* **TASK DETAILS**:
The answer must give back every line of the data exactly, with no pictures.

* **RECORDED DATA**:
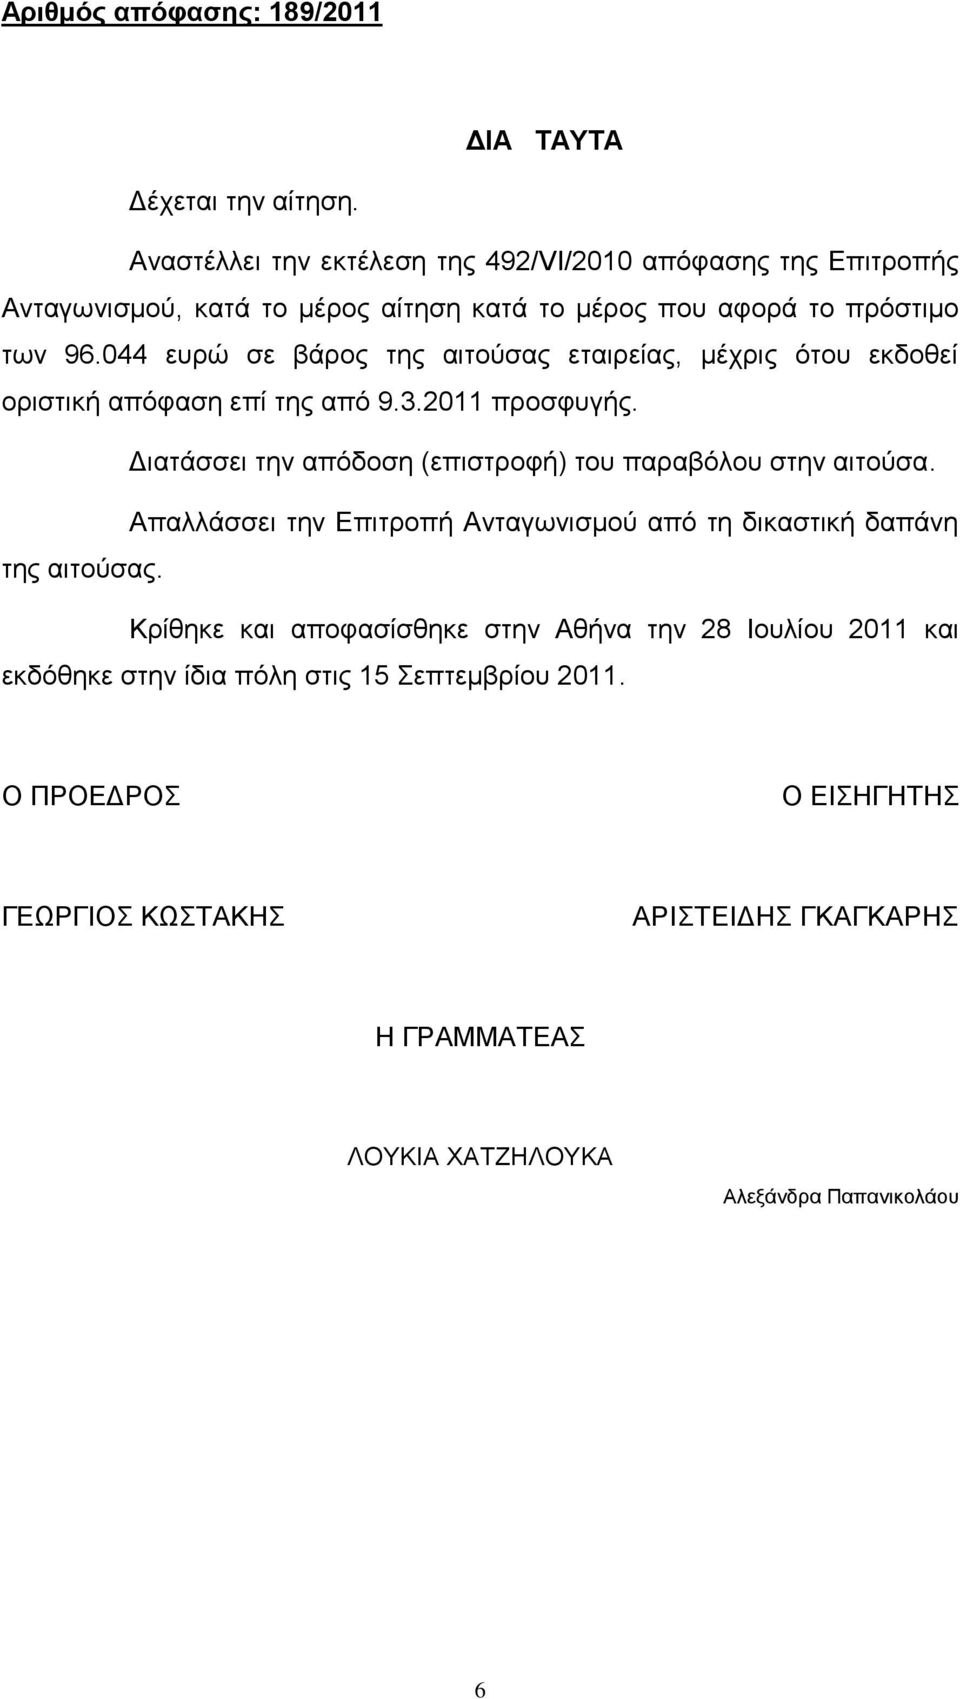 044 ευρώ σε βάρος της αιτούσας εταιρείας, μέχρις ότου εκδοθεί οριστική απόφαση επί της από 9.3.2011 προσφυγής.
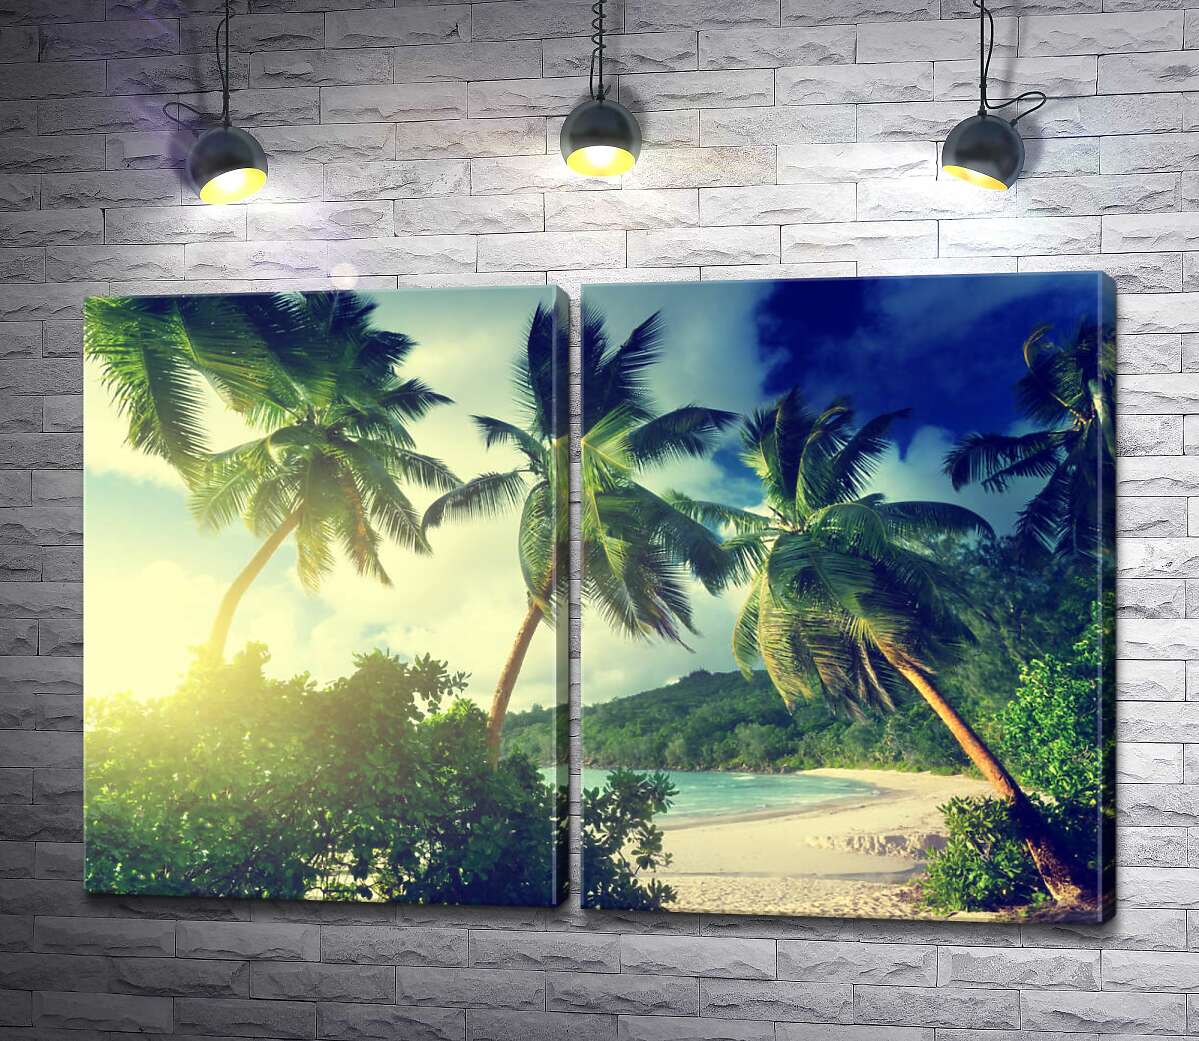 модульная картина Солнечный пляж скрылся за зелеными кустами и пальмами
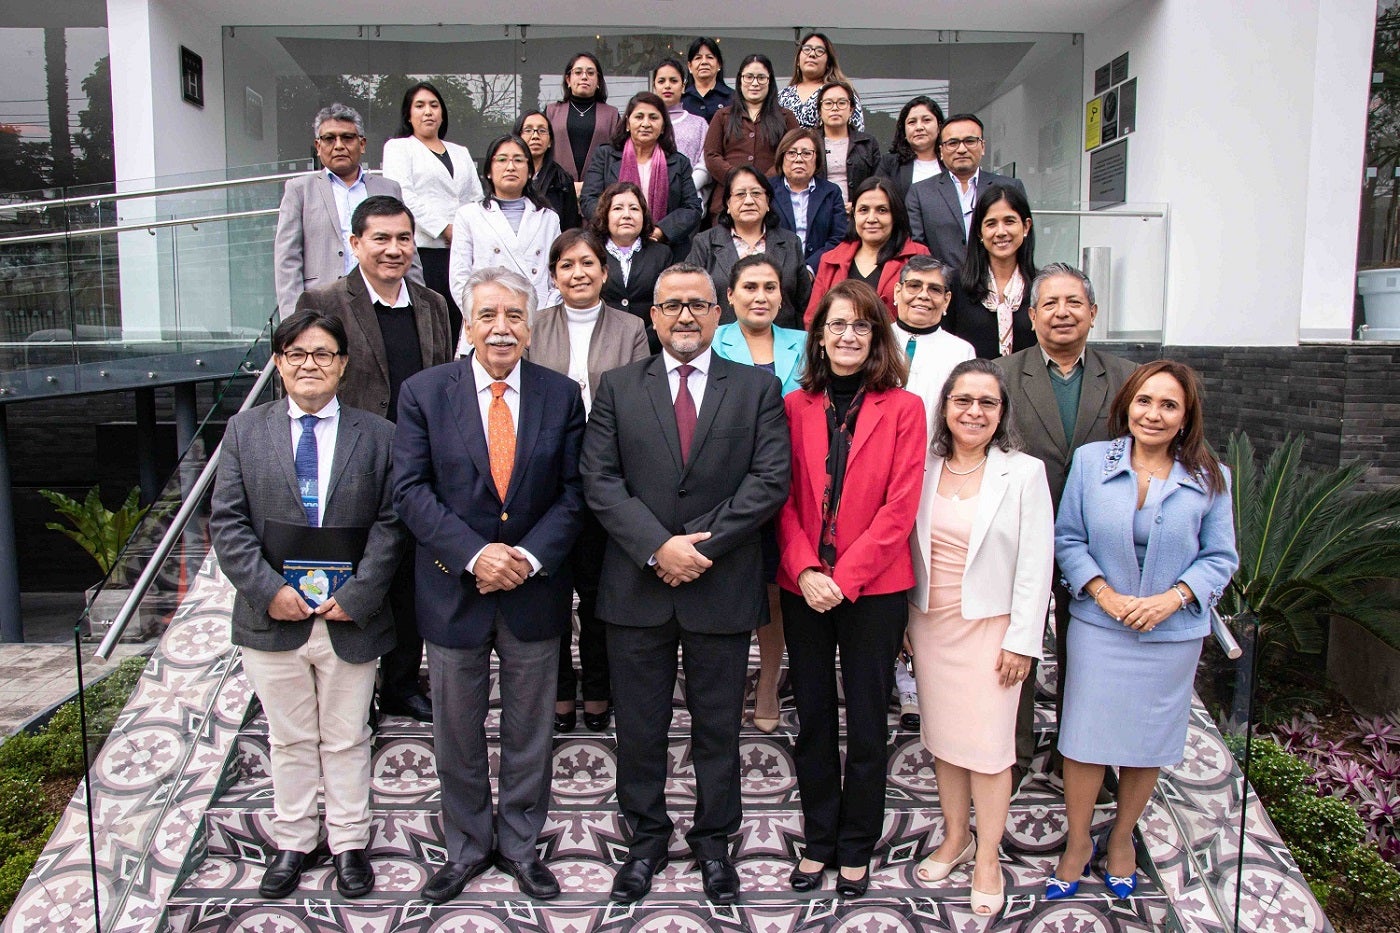 Foto grupal de autoridades y equipo técnico de inmunizaciones del país, equipo OPS, y miembros de la comisión
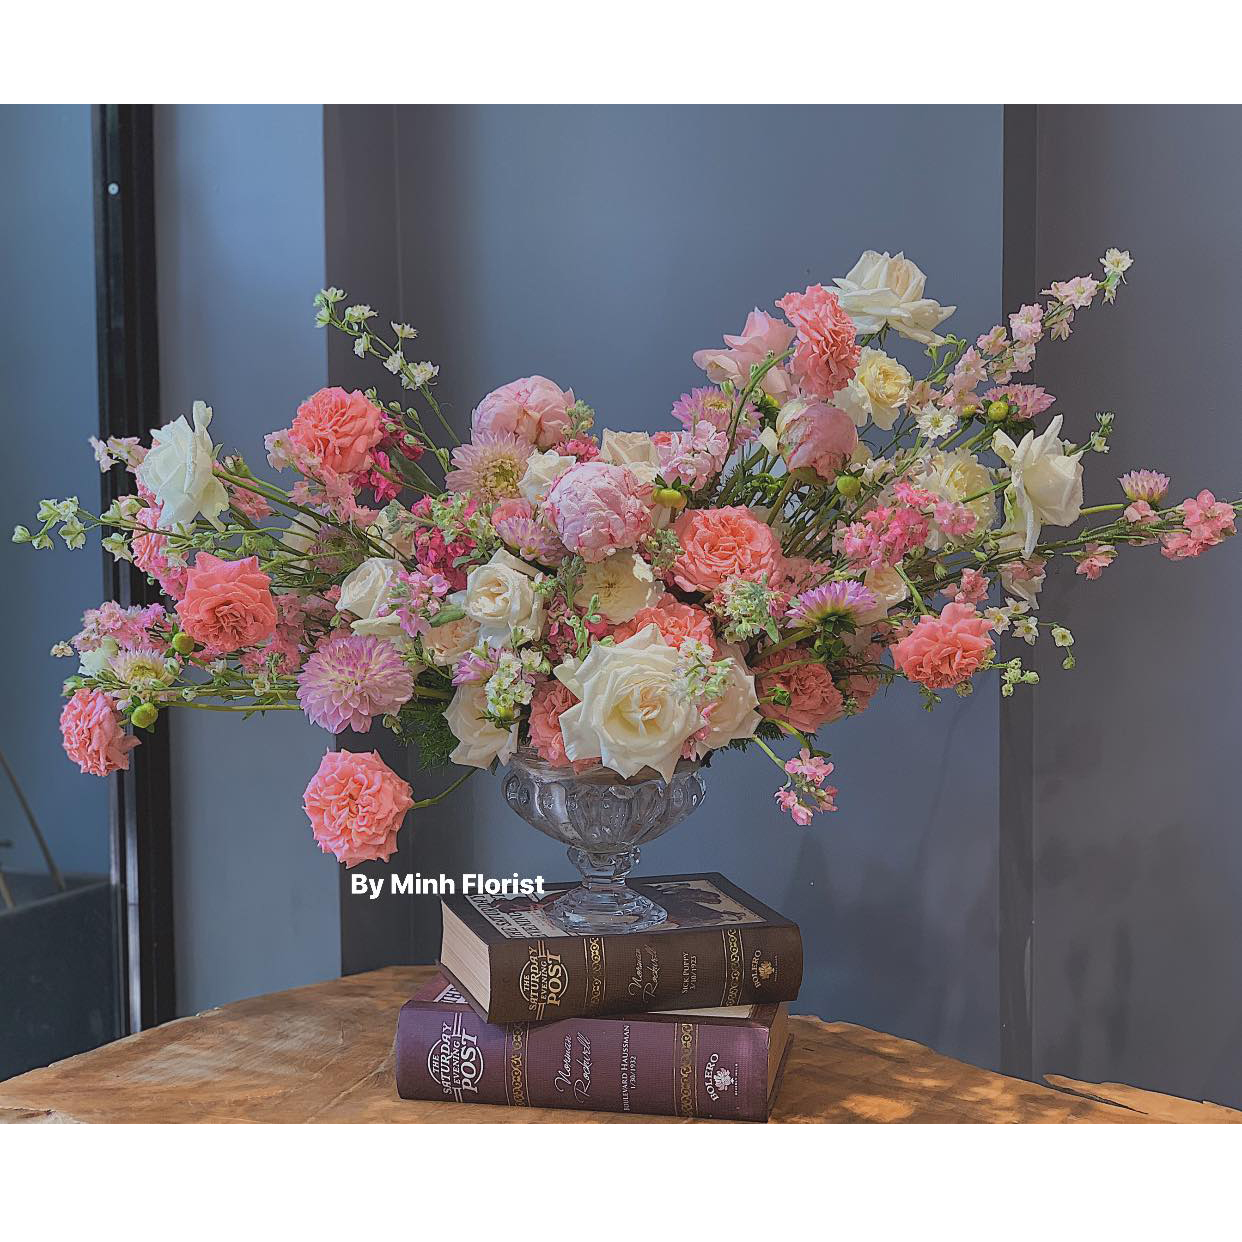 #12 AI LÀ SỐ 1 - Hari Won - Lâm Vỹ Dạ Mê mẩn bộ sưu tập thời trang hoa của nhà thiết kế hoa Nguyễn Phi Minh

* **ANSWER FOR THE TASK**:
 044 ευρώ σε βάρος της αιτούσας εταιρείας, μέχρις ότου εκδοθεί οριστική απόφαση επί της από 9.3.2011 προσφυγής.
 модульная картина Солнечный пляж скрылся за зелеными кустами и пальмами
 Foto grupal de autoridades y equipo técnico de inmunizaciones del país, equipo OPS, y miembros de la comisión
 #12 AI LÀ SỐ 1 - Hari Won - Lâm Vỹ Dạ Mê mẩn bộ sưu tập thời trang hoa của nhà thiết kế hoa Nguyễn Phi Minh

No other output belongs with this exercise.